■ **PROBLEM TO WORK ON**
What you need to produce is the complete listing, repeated exactly.
──────
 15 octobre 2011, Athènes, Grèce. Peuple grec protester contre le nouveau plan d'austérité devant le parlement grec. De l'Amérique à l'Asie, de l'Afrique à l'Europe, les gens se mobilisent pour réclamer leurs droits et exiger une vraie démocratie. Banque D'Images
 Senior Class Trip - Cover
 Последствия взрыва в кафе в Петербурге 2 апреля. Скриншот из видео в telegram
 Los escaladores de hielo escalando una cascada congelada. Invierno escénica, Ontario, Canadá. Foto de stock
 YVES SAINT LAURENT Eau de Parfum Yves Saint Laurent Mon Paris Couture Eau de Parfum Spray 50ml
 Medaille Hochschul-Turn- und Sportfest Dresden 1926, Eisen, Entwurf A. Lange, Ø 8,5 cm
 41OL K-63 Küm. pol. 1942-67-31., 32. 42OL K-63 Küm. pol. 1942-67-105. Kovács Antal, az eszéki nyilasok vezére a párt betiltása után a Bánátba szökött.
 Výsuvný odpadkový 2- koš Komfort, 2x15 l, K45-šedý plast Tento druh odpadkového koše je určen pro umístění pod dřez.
──────
■ **EXERCISE OUTPUT**
 15 octobre 2011, Athènes, Grèce. Peuple grec protester contre le nouveau plan d'austérité devant le parlement grec. De l'Amérique à l'Asie, de l'Afrique à l'Europe, les gens se mobilisent pour réclamer leurs droits et exiger une vraie démocratie. Banque D'Images
 Senior Class Trip - Cover
 Последствия взрыва в кафе в Петербурге 2 апреля. Скриншот из видео в telegram
 Los escaladores de hielo escalando una cascada congelada. Invierno escénica, Ontario, Canadá. Foto de stock
 YVES SAINT LAURENT Eau de Parfum Yves Saint Laurent Mon Paris Couture Eau de Parfum Spray 50ml
 Medaille Hochschul-Turn- und Sportfest Dresden 1926, Eisen, Entwurf A. Lange, Ø 8,5 cm
 41OL K-63 Küm. pol. 1942-67-31., 32. 42OL K-63 Küm. pol. 1942-67-105. Kovács Antal, az eszéki nyilasok vezére a párt betiltása után a Bánátba szökött.
 Výsuvný odpadkový 2- koš Komfort, 2x15 l, K45-šedý plast Tento druh odpadkového koše je určen pro umístění pod dřez.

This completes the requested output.